For anyone fighting to save old memories, a fresh crop of brain cells may be the last thing they need. Research published today in Science suggests that newly formed neurons in the hippocampus — an area of the brain involved in memory formation — could dislodge previously learned information1. The work may provide clues as to why childhood memories are so difficult to recall.
“The finding was very surprising to us initially. Most people think new neurons mean better memory,” says Sheena Josselyn, a neuroscientist who led the study together with her husband Paul Frankland at the Hospital for Sick Children in Toronto, Canada.
Humans, mice and several other mammals grow new neurons in the hippocampus throughout their lives — rapidly at first, but more and more slowly with age. Researchers have previously shown that boosting neural proliferation before learning can enhance memory formation in adult mice2, 3. But the latest study shows that after information is learned, neuron growth can degrade those memories.
Although seemingly counterintuitive, the disruptive role of these neurons makes some sense, says Josselyn. She notes that some theoretical models have predicted such an effect4. “More neurons increase the capacity to learn new memories in the future,” she says. “But memory is based on a circuit, so if you add to this circuit, it makes sense that it would disrupt it.” Newly added neurons could have a useful role in clearing old memories and making way for new ones, says Josselyn.
The researchers tested newborn and adult mice on a conditioning task, training the animals to fear an environment in which they received repeated electric shocks. All the mice learned the task quickly, but whereas infant mice remembered the negative experience for only one day after training, adult mice retained the negative memory for several weeks.
This difference seems to correlate with differences in neural proliferation. Josselyn and her team were able to enhance memory persistence in newborn mice by genetically and chemically suppressing growth of new neurons after learning. And in adult mice, four to six weeks of regular exercise — an activity known to promote neuron proliferation — reduced the persistence of previously learned fear.
The genetic and chemical manipulations cannot be applied readily to humans, so the findings will be difficult to pursue in people, says Josselyn. But both mice and humans have ‘infantile amnesia’, or pronounced forgetting of early life experiences. Josselyn says that rapid neurogenesis in many young animals could help to explain the phenomenon across species.
The researchers also examined learned fear in guinea pigs and in Chilean rodents called degus — both of which have longer gestation periods than mice, and correspondingly reduced brain growth after birth. Baby degus and guinea pigs do not have infantile amnesia, but the researchers were able to mimic its effects in the animals through exercise or drugs that promote neuron growth.
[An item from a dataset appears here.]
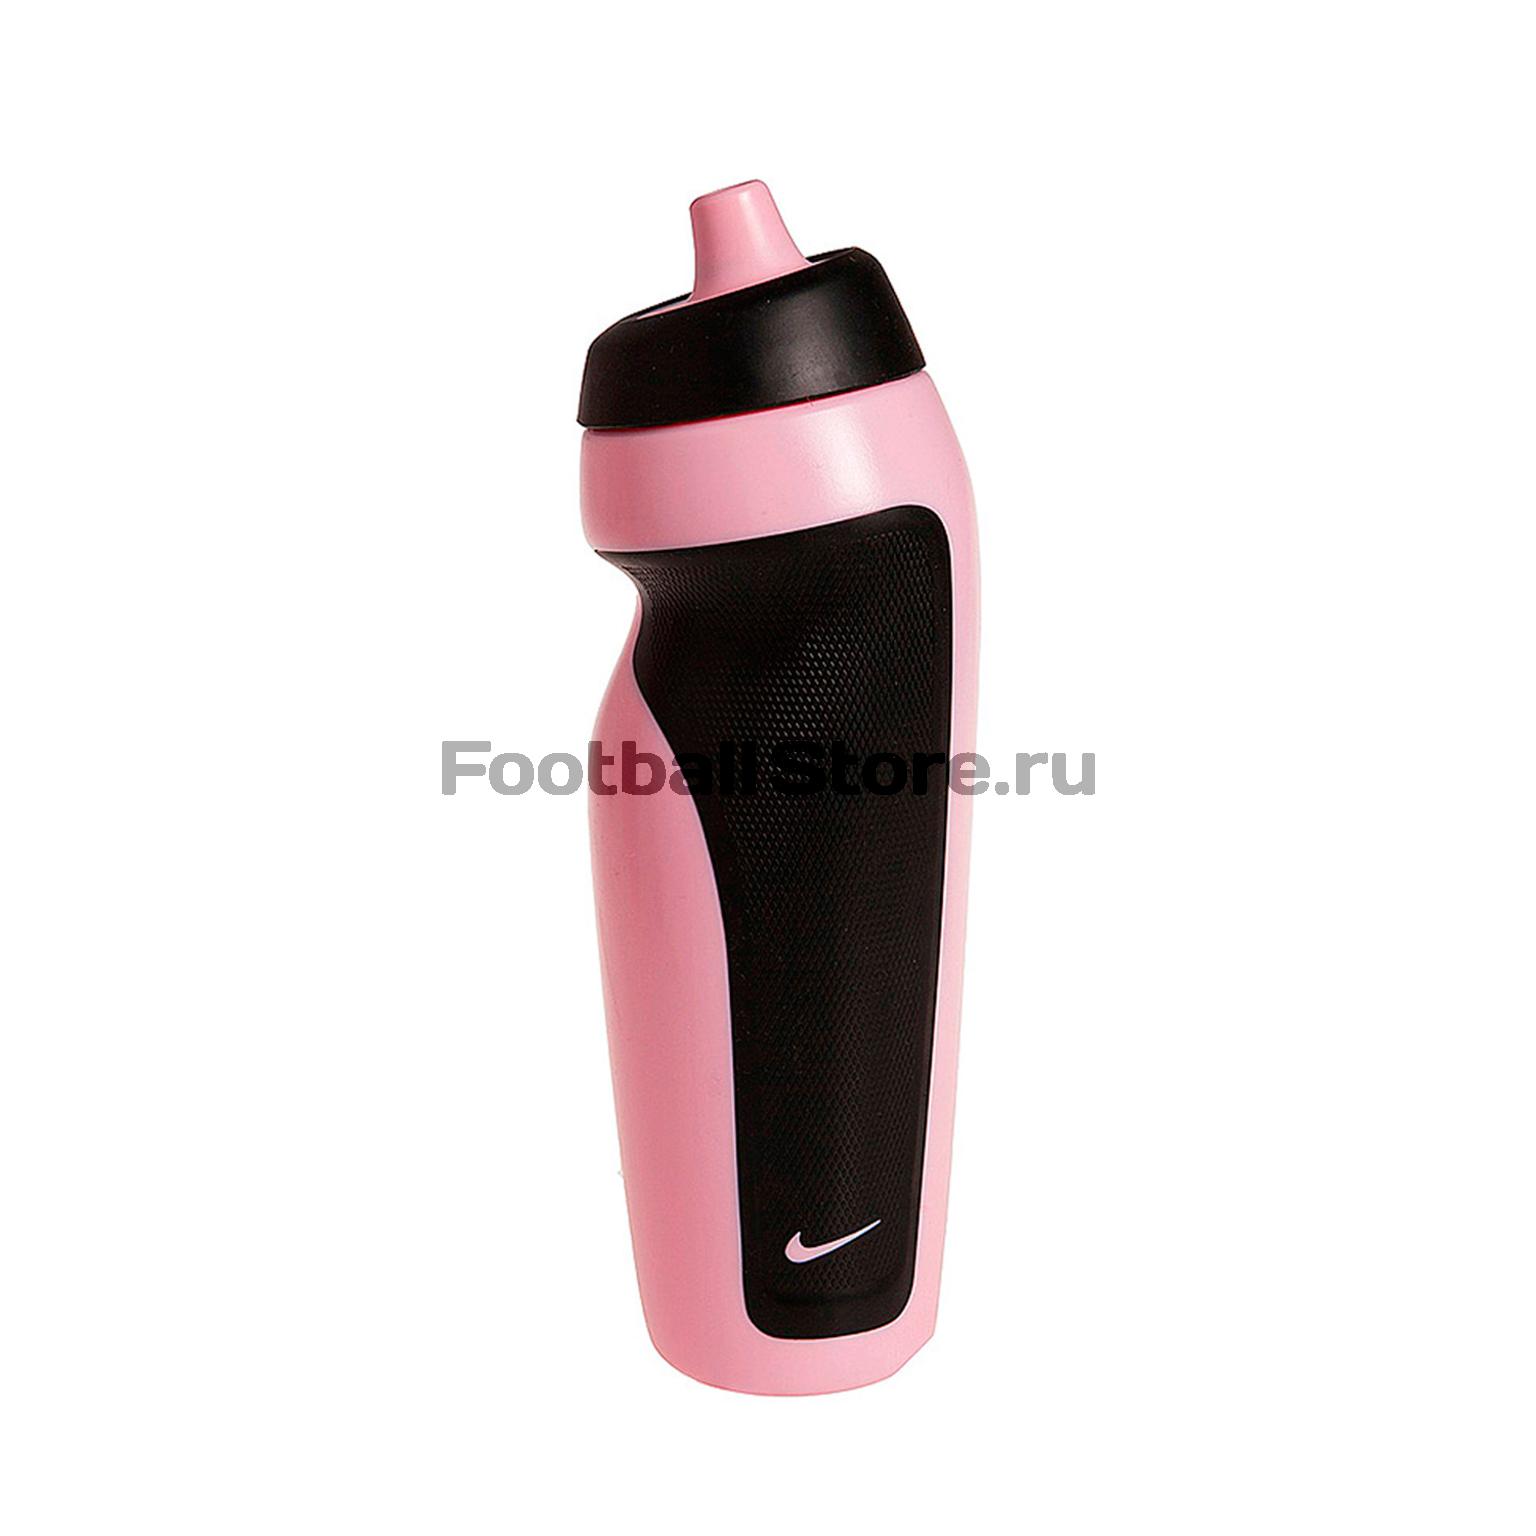 Бутылка для воды Nike Sport Water Bottle 9.341.009.623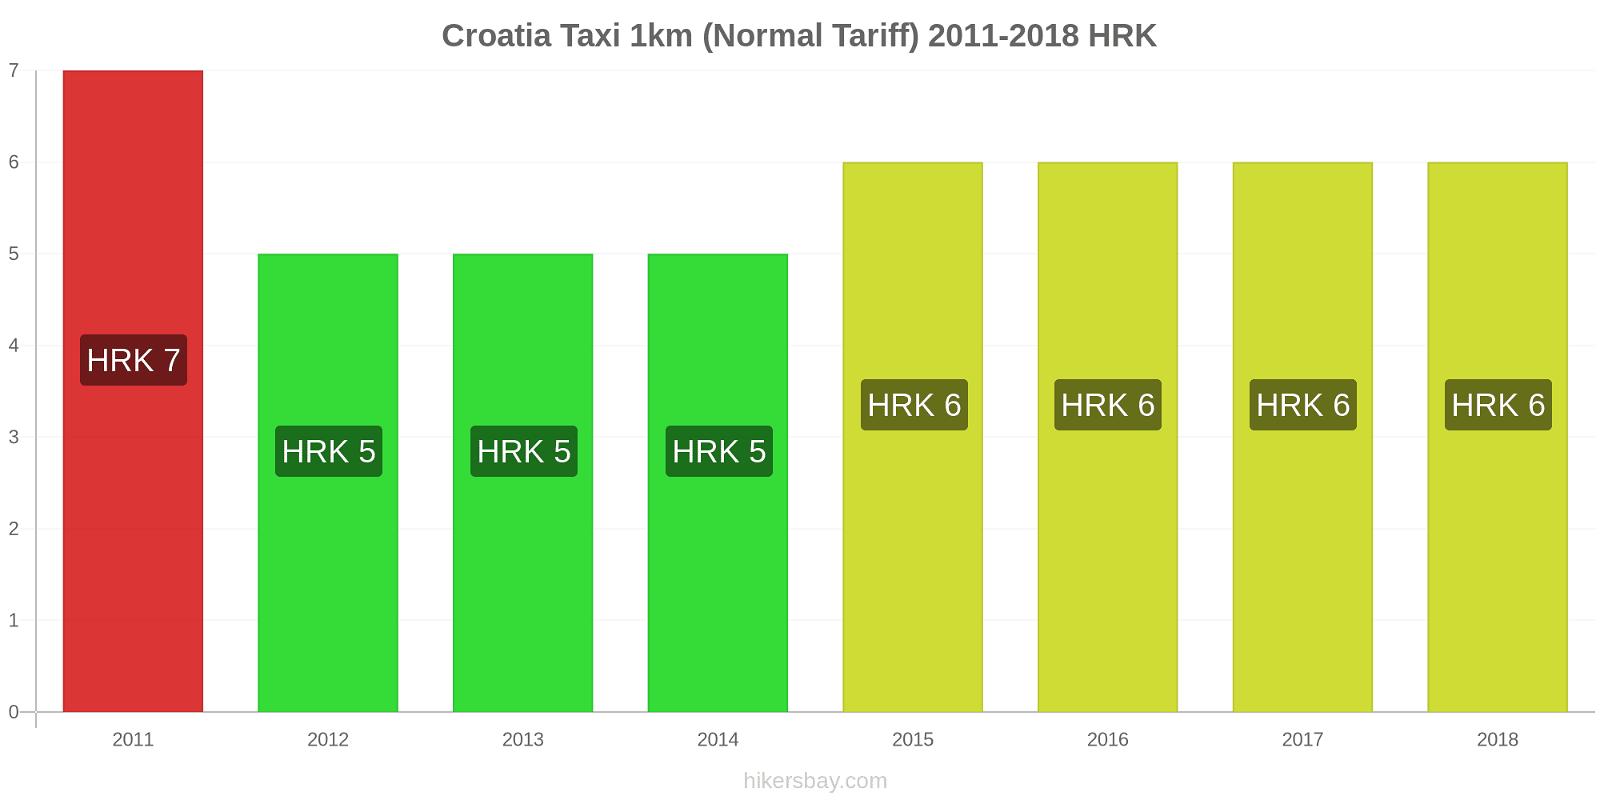 Croatia price changes Taxi 1km (Normal Tariff) hikersbay.com

“It's incredibly impressive. They covered everything from genetic and pharmacological interventions, to behavioral interventions, to cross-species comparisons," says Karl Deisseroth, a neuroscientist at Stanford University in California who is collaborating with the group on a separate project but did not contribute to the current study. Deisseroth, who in 2005 published the computational model Josselyn alludes to4, says he is excited to see strong experimental validation of the idea nearly ten years later.
Amar Sahay, a neuroscientist at Massachusetts General Hospital in Boston, says that most previous work, including his own, has focused on the effects of neurogenesis before memory formation. The latest work, by examining what happens after learning, paints a more complete picture of the relationship between neurogenesis and long-term memory management. “It’s a very exciting study,” says Sahay.